To determine whether angiotensin II can induce dermal fibrosis, Ang II at a rate of 1,000 ng/kg/min was administered continuously with subcutaneous osmotic minipumps implanted under the shaved back skin of 8-week-old C57BL/6 male mice. Treated skin was harvested at day 14, and histologic examination and collagen-content measurement assays were performed. Gomori Trichrome staining showed that collagen fibers were more closely packed in angiotensin II-treated mice compared with control mice, reflecting increased collagen deposition (Figure 1A). In addition, the fat layer of the reticular dermis was partially replaced with extracellular matrix (Figure 1A). Real-time PCR analysis showed a statistically significant increase in mRNA levels of the collagen-encoding genes: Col1a1, Col1a2, Col3a1, and Col5a1, as well as CTGF (2.4-fold, 1.9-fold, and 3.4-fold, 1.9-fold, and 2.1-fold, respectively; *P ≤ 0.05) in the skin of Ang II-infused mice when compared with control mice (Figure 1B). Total hydroxyproline content from the injected sites was significantly higher in Ang II (1,000 ng/kg/min)-infused skin (2,481 ± 920 μg per 0.1 g of skin) compared with control PBS-infused skin (1,534 ± 430 μg per 0.1 g of skin; *P ≤ 0.05) (Figure 1C). A higher dose of Ang II (2,000 ng/kg/min) showed a larger increase in the total hydroxyproline content of local skin (5,272 ± 1,260 μg per 0.1 g of Ang II-infused skin versus 1,748 ± 531 μg per 0.1 g of PBS-infused skin; *P ≤ 0.05) (Figure 1C). The profibrotic effects of Ang II were local, as no significant differences were observed in hydroxyproline content in distal skin with either concentration of Ang II (data not shown). Because a dose of 1,000 ng/kg/min was sufficient to induce significant dermal fibrosis, this dose was selected for further analyses.

Figure 1

Angiotensin II increases collagen synthesis and deposition in mouse skin. (A) Gomori Trichrome staining shows a histologic evaluation of Ang II-induced lesions in C57BL/6 mice. (B) Real-time PCR analysis of collagen-encoding genes: Col1a1, Col1a2, Col3a1, Col5a1, along with CTGF (*P ≤ 0.05) in PBS-and Ang II-treated mice. (C) Total hydroxyproline content in PBS- and Ang II-treated mice. Values are the mean of six mice in each group; *P ≤ 0.05.

Angiotensin II activates the TGF-β pathway in mouse skin

Transforming growth factor-β (TGF-β) plays a pivotal role in the pathogenesis of scleroderma by activating fibroblasts and stimulating the production of ECM components [19]. To determine whether Ang II treatment activates the TGF-β pathway, we examined skin samples from the infused sites with real-time PCR and immunostaining.

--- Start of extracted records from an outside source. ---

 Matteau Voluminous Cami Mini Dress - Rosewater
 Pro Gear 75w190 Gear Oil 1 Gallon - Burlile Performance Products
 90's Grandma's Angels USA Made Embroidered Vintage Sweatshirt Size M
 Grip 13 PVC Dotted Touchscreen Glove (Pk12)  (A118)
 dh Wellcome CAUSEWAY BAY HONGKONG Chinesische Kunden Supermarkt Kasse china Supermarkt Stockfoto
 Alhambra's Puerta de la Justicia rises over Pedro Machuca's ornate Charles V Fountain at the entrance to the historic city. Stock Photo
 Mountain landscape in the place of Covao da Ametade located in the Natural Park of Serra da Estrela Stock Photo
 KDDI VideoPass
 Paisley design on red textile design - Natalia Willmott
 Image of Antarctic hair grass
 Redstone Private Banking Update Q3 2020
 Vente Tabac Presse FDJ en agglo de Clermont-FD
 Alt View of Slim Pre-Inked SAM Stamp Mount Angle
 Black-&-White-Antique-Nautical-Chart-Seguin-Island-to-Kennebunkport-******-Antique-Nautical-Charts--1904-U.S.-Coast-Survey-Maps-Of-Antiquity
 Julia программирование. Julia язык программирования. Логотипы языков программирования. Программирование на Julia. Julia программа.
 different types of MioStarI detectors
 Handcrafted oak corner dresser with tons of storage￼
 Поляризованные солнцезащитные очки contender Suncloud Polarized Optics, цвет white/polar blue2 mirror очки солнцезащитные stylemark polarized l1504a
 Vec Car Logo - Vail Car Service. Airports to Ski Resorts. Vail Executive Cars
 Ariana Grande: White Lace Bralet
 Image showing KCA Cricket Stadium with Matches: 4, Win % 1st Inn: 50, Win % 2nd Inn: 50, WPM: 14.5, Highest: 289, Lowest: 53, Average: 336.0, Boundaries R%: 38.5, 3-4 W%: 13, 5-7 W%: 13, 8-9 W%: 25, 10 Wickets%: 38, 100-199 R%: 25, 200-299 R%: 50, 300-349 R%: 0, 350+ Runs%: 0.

Real-time PCR analysis showed statistically significant increases in the mRNA levels of TGF-β2 and TGF-β3 (3.2-fold and 4.8-fold, respectively; *P ≤ 0.05) in Ang II-treated mouse skin (Figure 2A). No differences were observed in the mRNA expression of TGF-β1 (Figure 2A). Immunohistochemical staining of pSmad2 was performed on paraffin sections. We observed increased numbers of pSmad2-positive cells distributed throughout all dermal layers in Ang II-treated mice (Figure 2B). These data suggest that Ang II potently activates TGF-β signaling in this model.

Figure 2

Angiotensin II activates TGF-β signaling. (A) Real-time PCR analysis of TGF-β1, TGF-β2, and TGF-β3 (*P ≤ 0.05) in PBS- and Ang II-treated mice. (B) pSmad2 staining on paraffin sections from PBS- and Ang II-infused mice. Representative images are shown from four animals per group.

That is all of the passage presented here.